An independent candidate for Doc Hastings' seat in Congress highlighted the most recent round of election filings.
Leland Yialelis, a 62-year-old state Department of Transportation worker from East Wenatchee, filed late Tuesday to run against Hastings, R-Pasco, and fellow challenger Jay Clough, D-Kennewick. Despite his government job, Yialelis is positioning himself as a small-government fiscal conservative.
"I don't see it as contradictory," he said.
On the contrary, Yialelis said his time as a state employee and the waste he's seen from within has helped solidify his small-government ideals.
"I know government can be made more efficient than it is," he said.
Prior to working for the Transportation Department, Yialelis was general manager of W.A. Craig Inc., a California company specializing in fuel systems. And before that he was a Seventh-day Adventist clergyman. It's likely a unique path to congressional candidacy, but not one that Yialelis thinks should be seen as a negative.
"I believe this diverse background actually prepares me better for that role," he said.
In terms of politics, his philosophy is not dissimilar from that of the Libertarian Party -- limiting government and protecting individual freedoms above all else -- but Yialelis has purposely avoided aligning himself with that or any other party.
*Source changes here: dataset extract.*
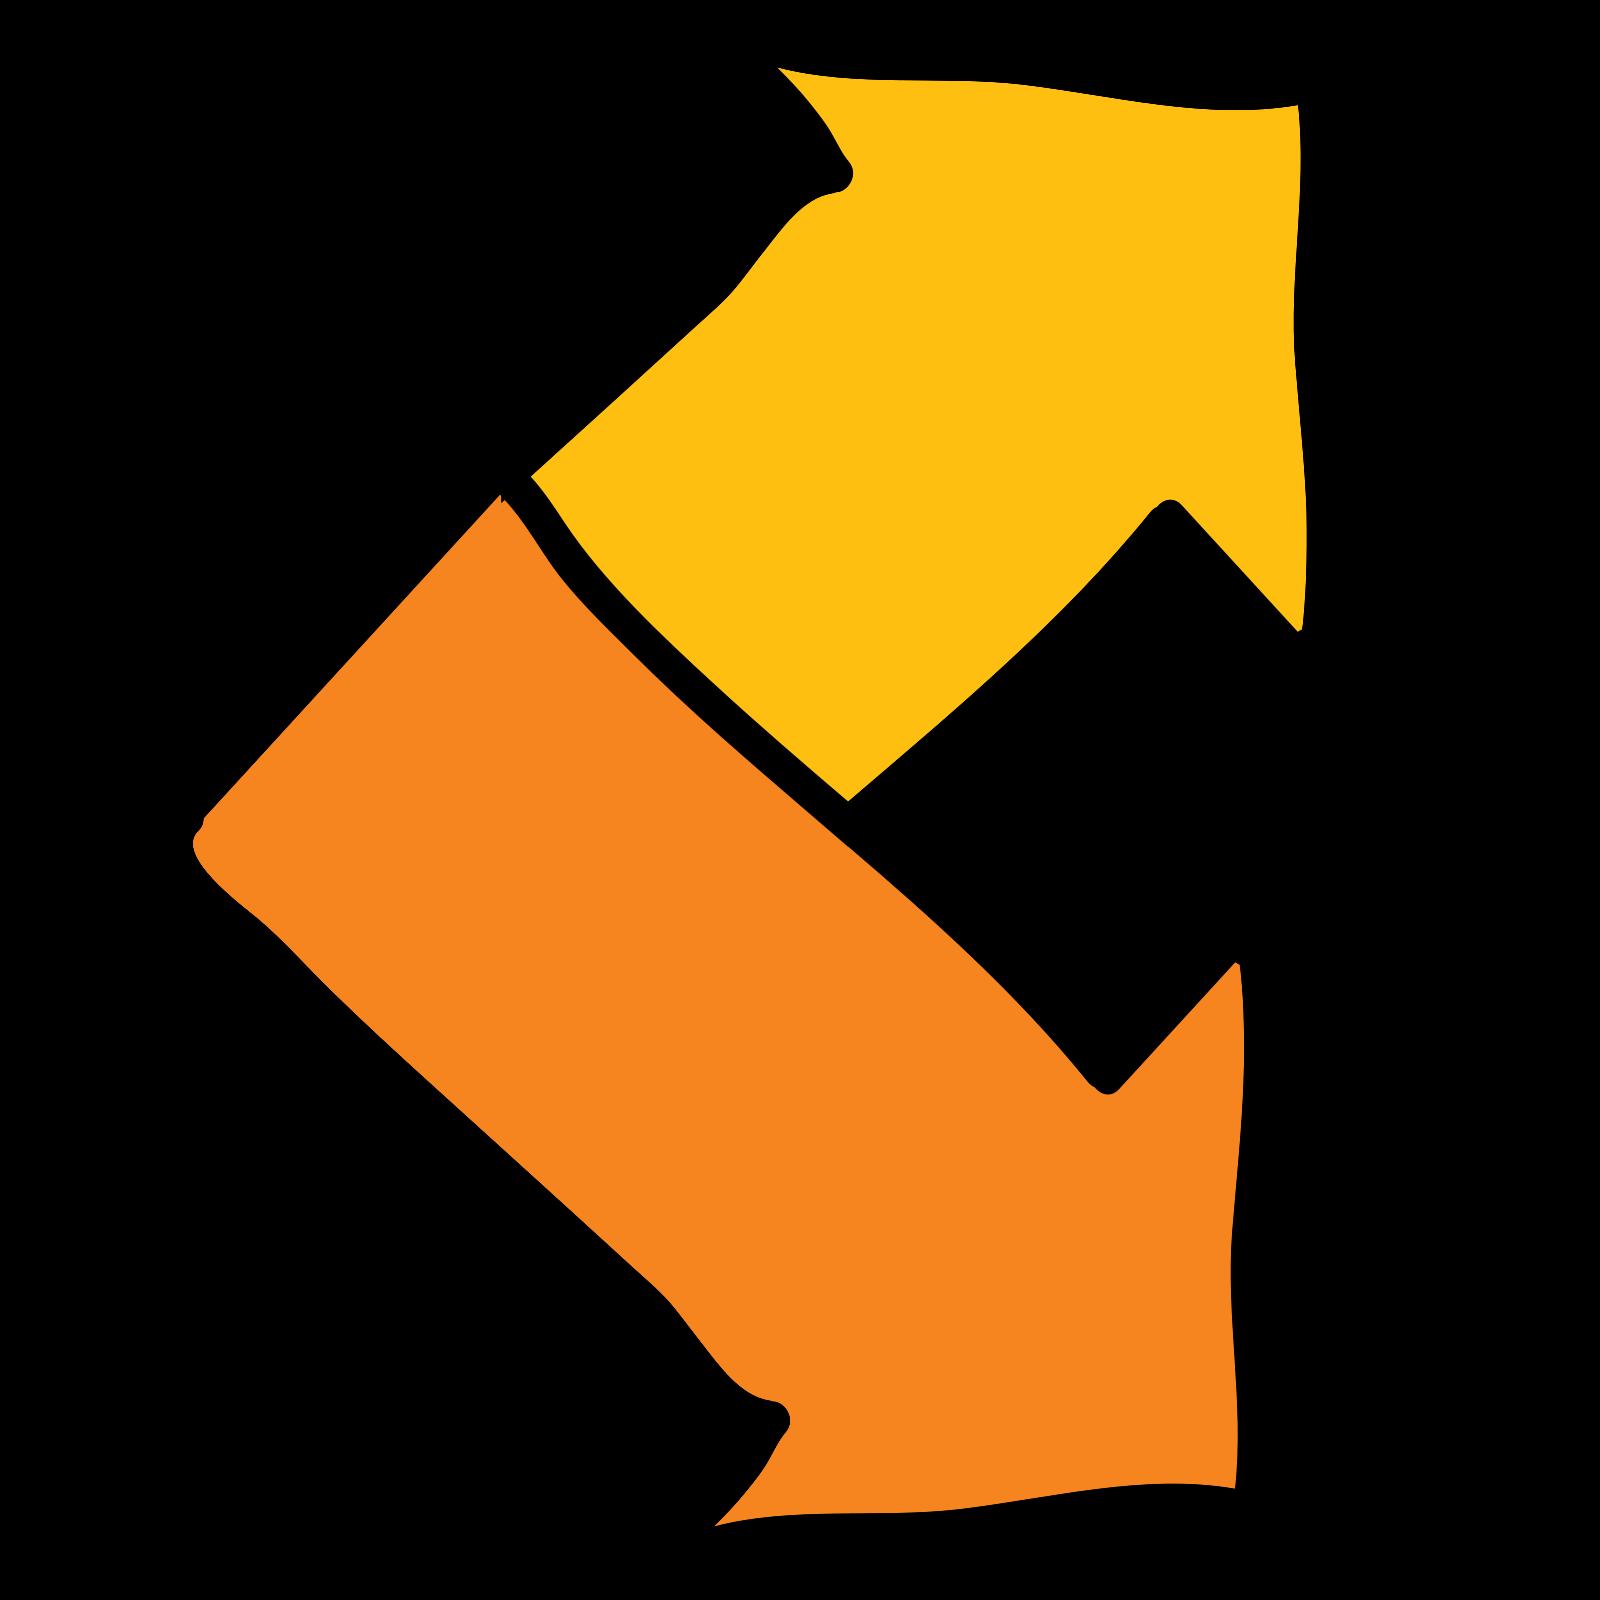 Up Down Right Arrow Arrows icon

"I'm not a Libertarian," he said. "That's why I'm not running as a Libertarian. Those kind of party labels make me somewhat nervous. That's why I'm running as an independent."
Socially, his emphasis on individual liberty makes him something of a moderate. He is for gay rights, for instance, insofar as he believes gay people should be given all the governmental rights afforded straight people. He's more hesitant on the issue of gay marriage, arguing that on one level the difference between "civil union" and "marriage" is nothing more than semantics. The important thing, he said, is that a gay couple should have "equivalent rights" with a straight couple.
Yialelis concedes that running as an independent makes his candidacy a long shot. Though he won't have to toe anyone's party line, he also won't have the built-in campaign infrastructure a party organization offers. But he believes that in independent-minded Central Washington, in a state with a top-two primary, he might just have a chance.
"While my campaign is a long shot, it is certainly a viable campaign," he said.